• _Work request_
Once the images are removed, set down everything else in the listing below exactly.

• _Material provided_
++++++
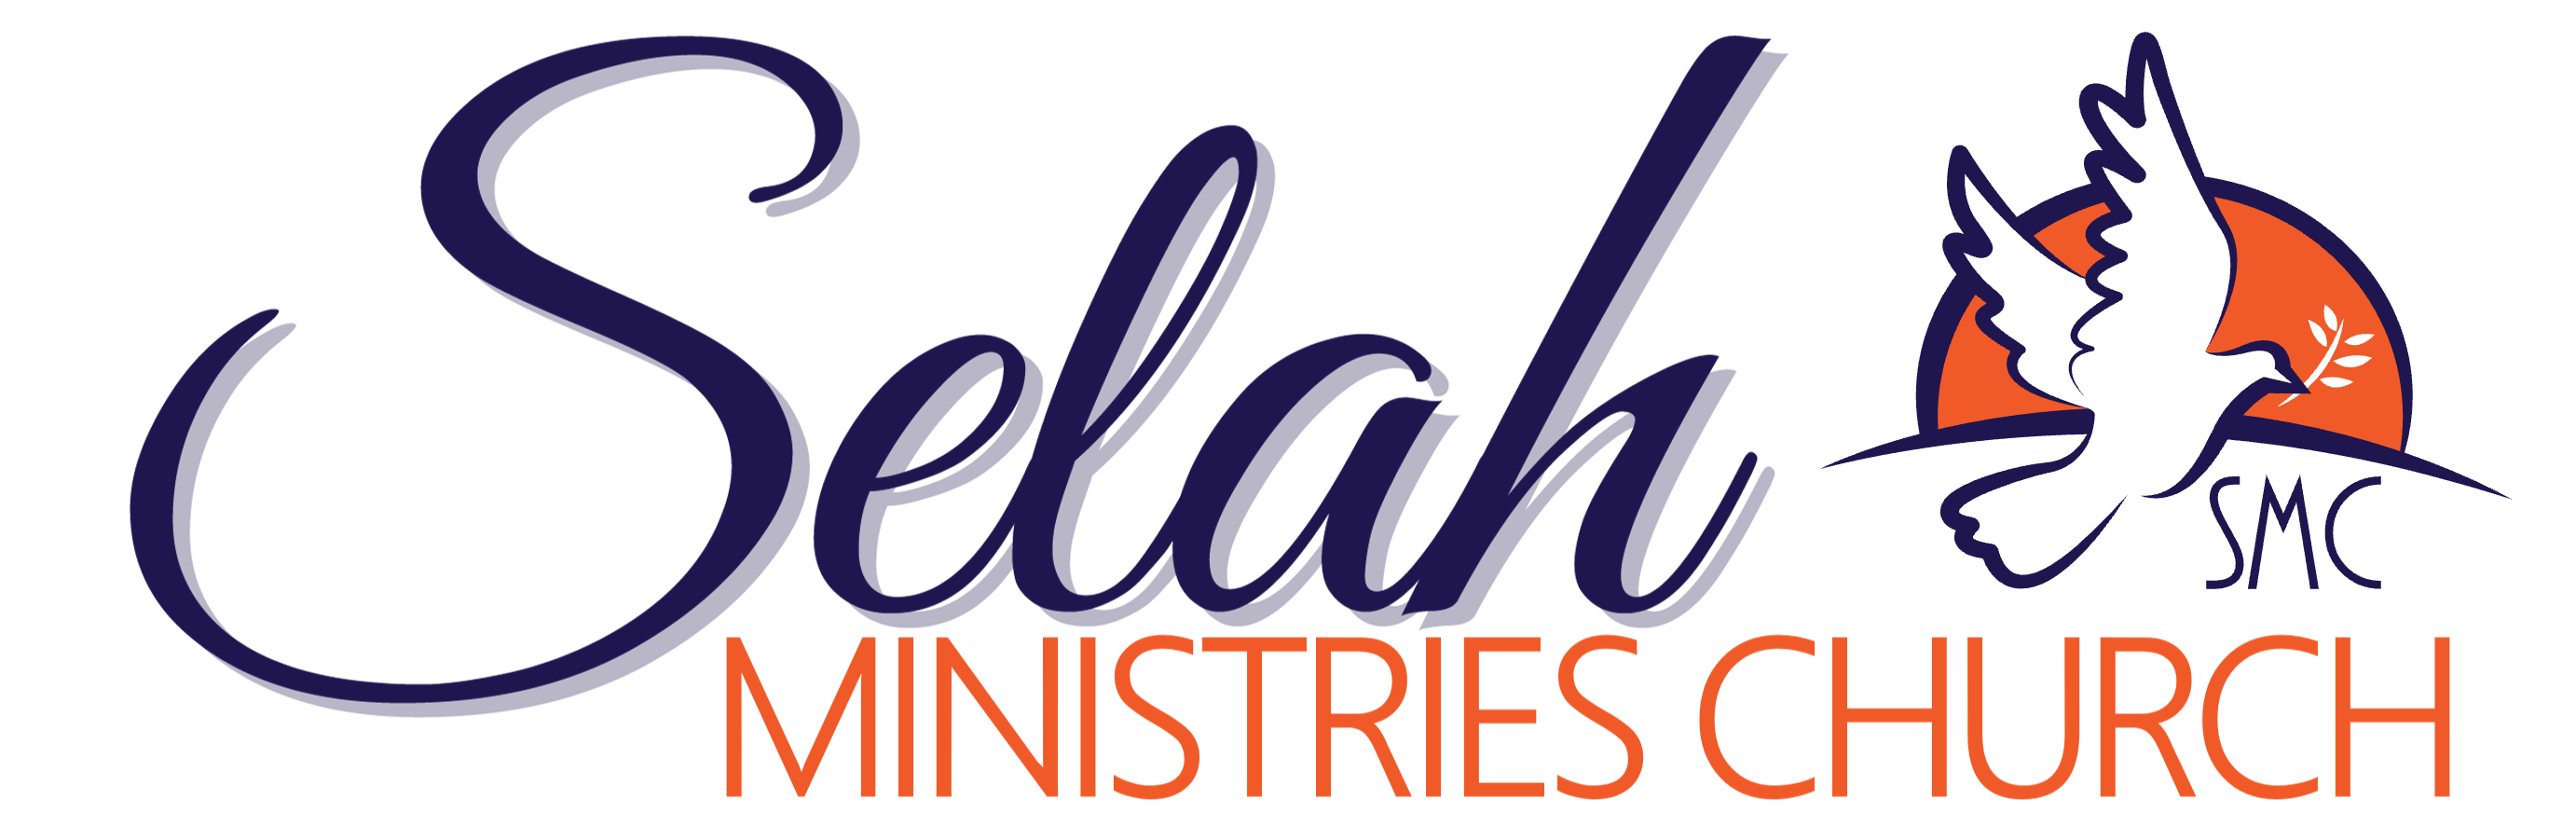 Selah Ministries Church
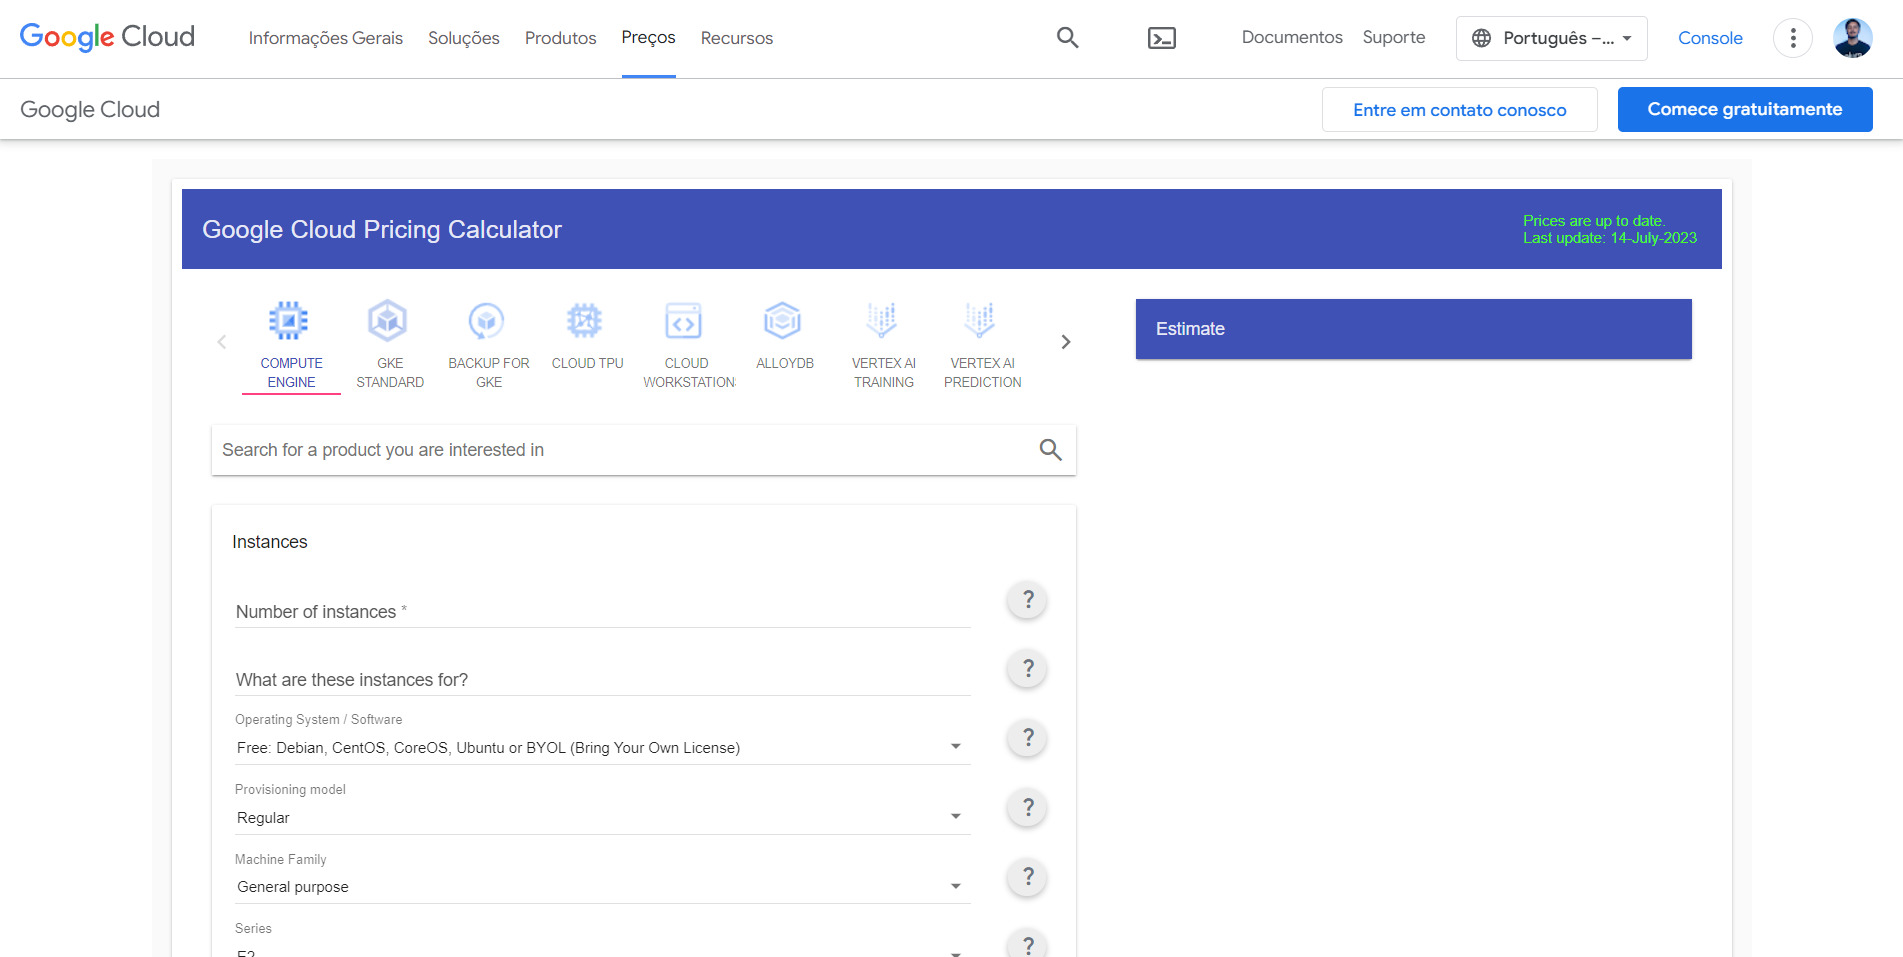 Captura de tela do site “Google Cloud Pricing Calculator”. No corpo da página, há um formulário para selecionar o produto de interesse, e também várias características da instância para indicar. No centro direito, há um botão “Estimate”.
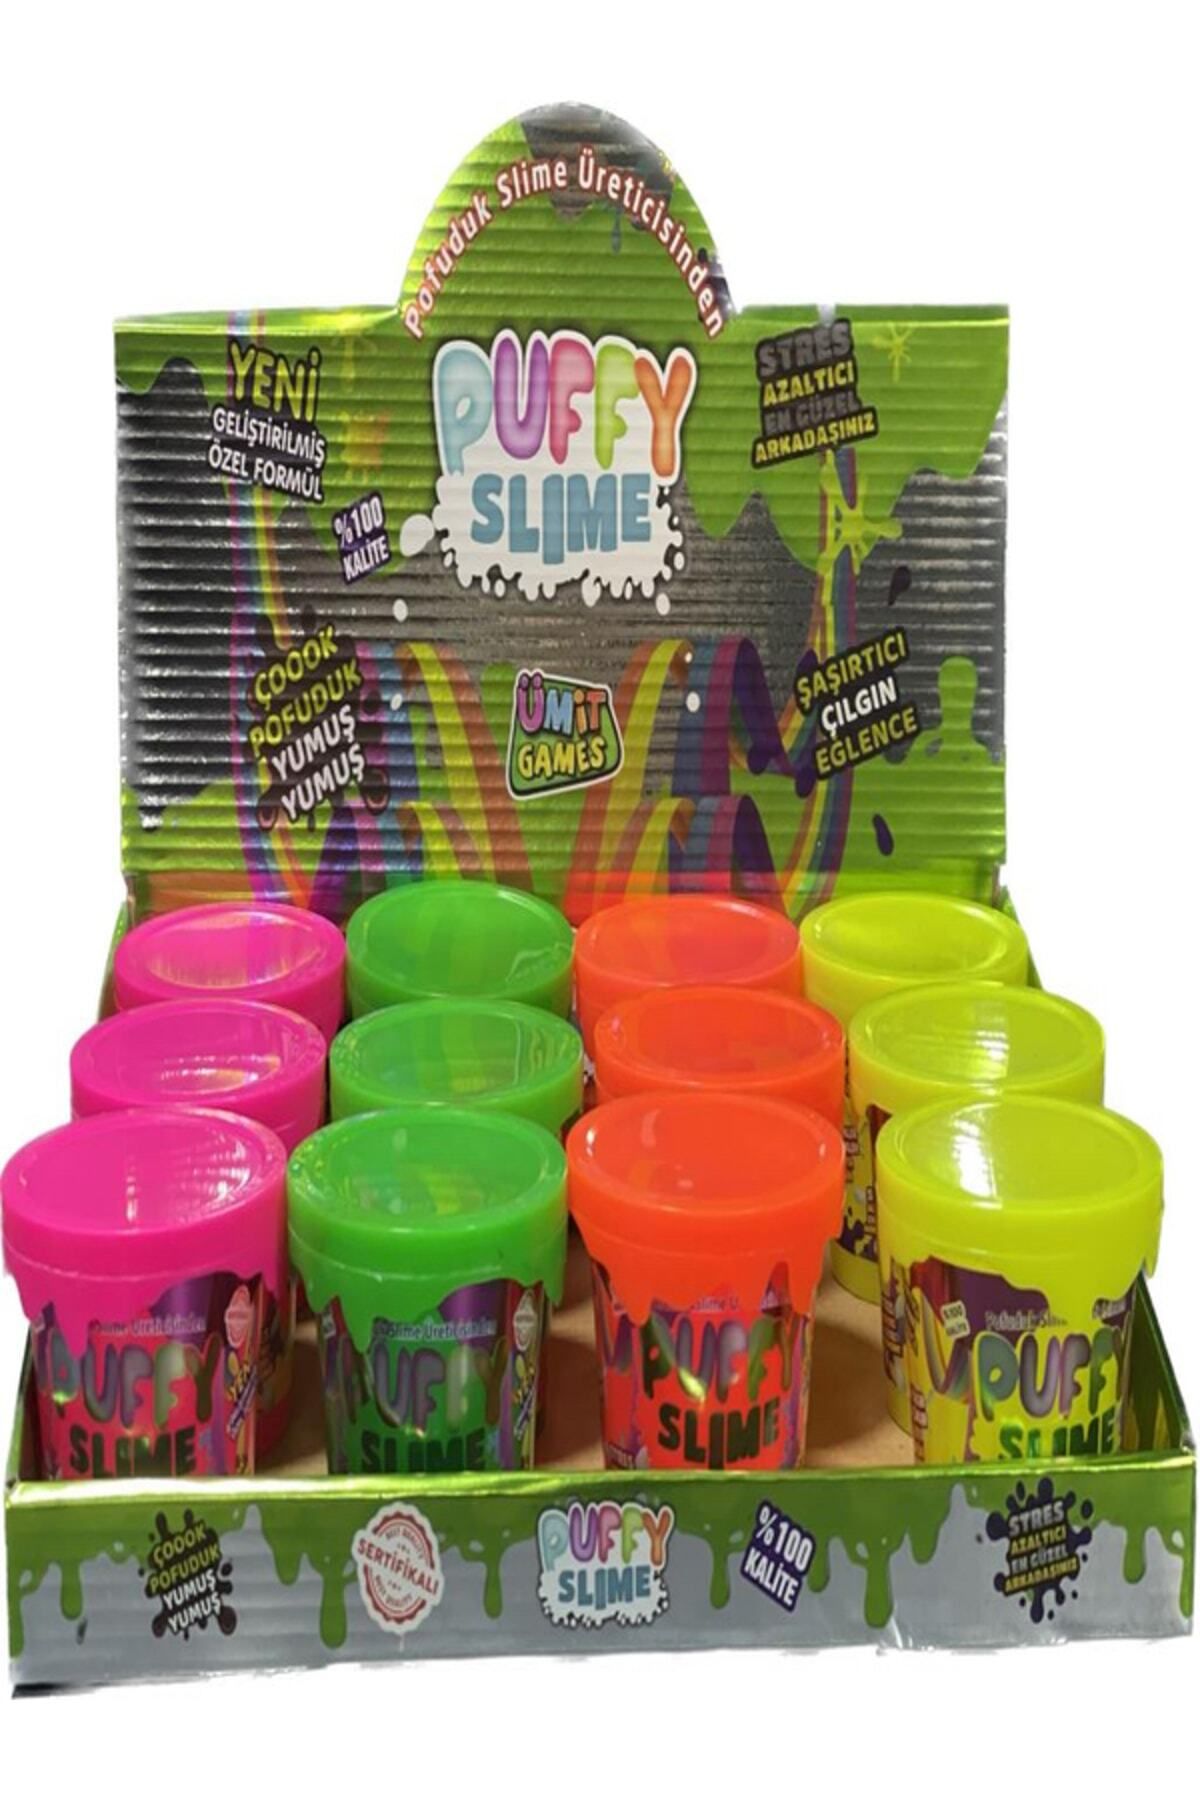 ümit toys Puffy Slime Yeni Trend Slime 3 Adet Hazır Slime 4 Farklı Renkler 120 gr Slaym Pop Tube
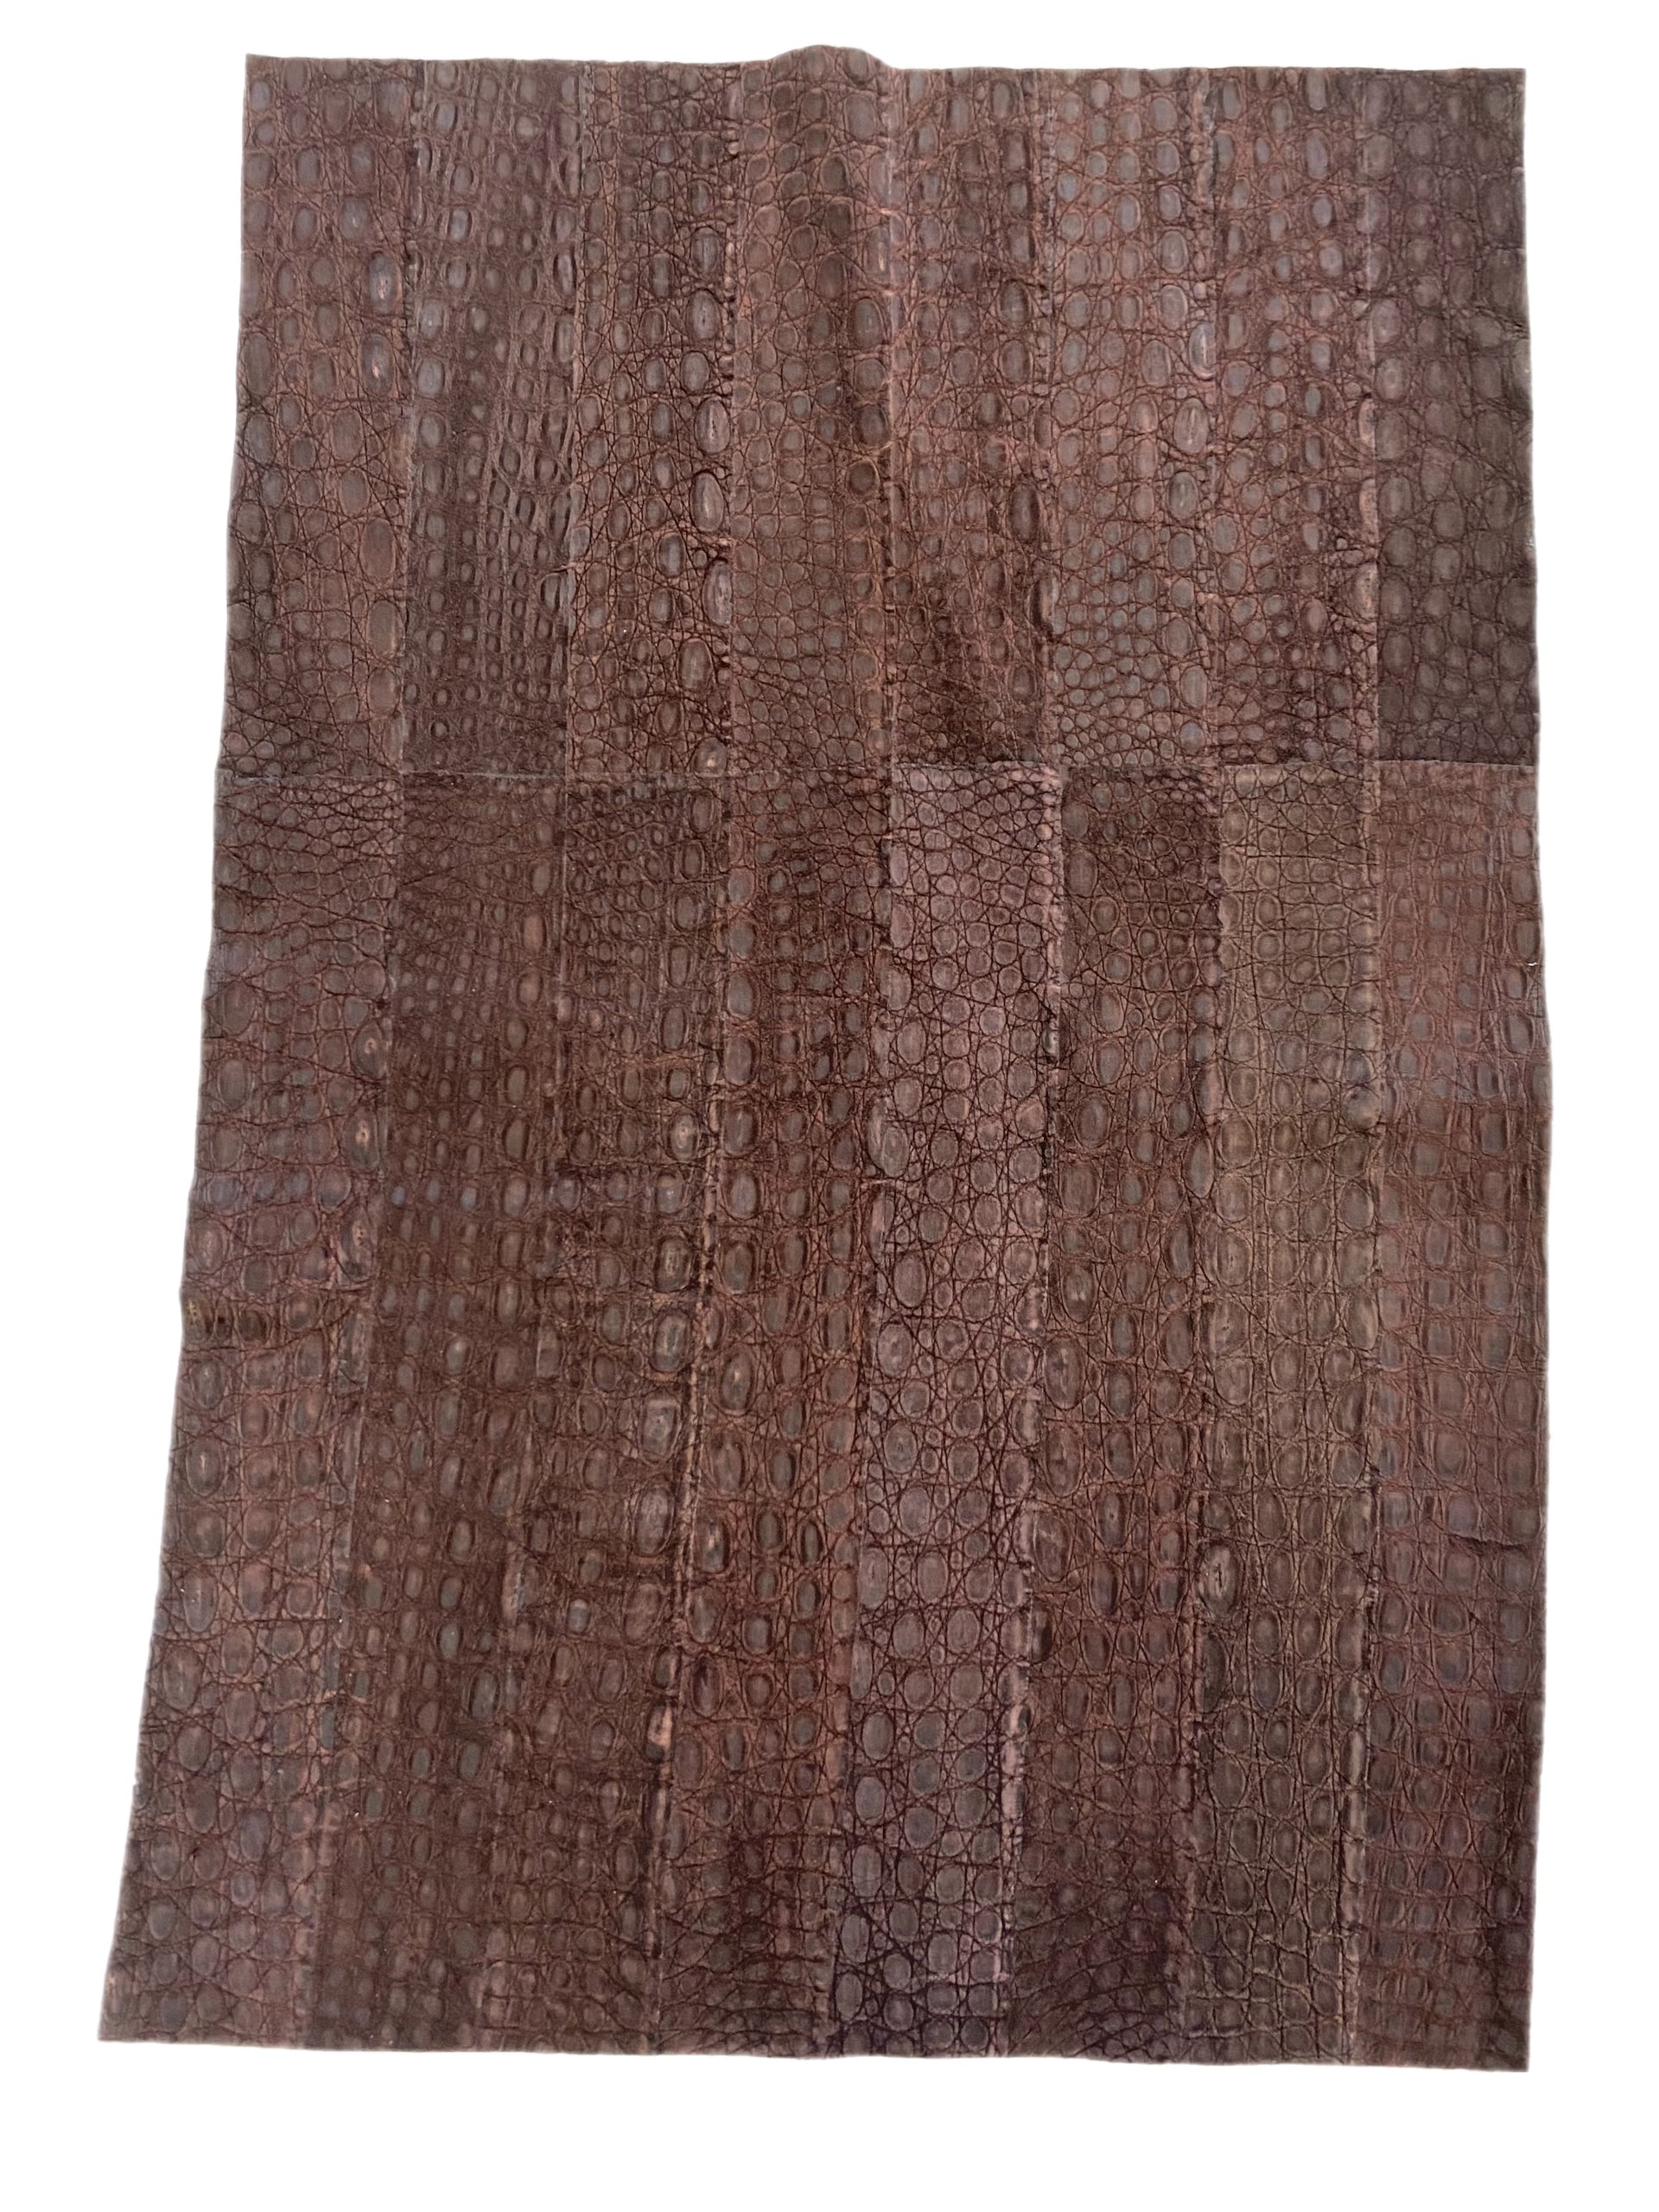 80 X 50 Cm Dark Brown Nubuck Crocodile Leather Panel
++++++
• _Answer to this problem_
 Selah Ministries Church
 Captura de tela do site “Google Cloud Pricing Calculator”. No corpo da página, há um formulário para selecionar o produto de interesse, e também várias características da instância para indicar. No centro direito, há um botão “Estimate”.
 ümit toys Puffy Slime Yeni Trend Slime 3 Adet Hazır Slime 4 Farklı Renkler 120 gr Slaym Pop Tube
 80 X 50 Cm Dark Brown Nubuck Crocodile Leather Panel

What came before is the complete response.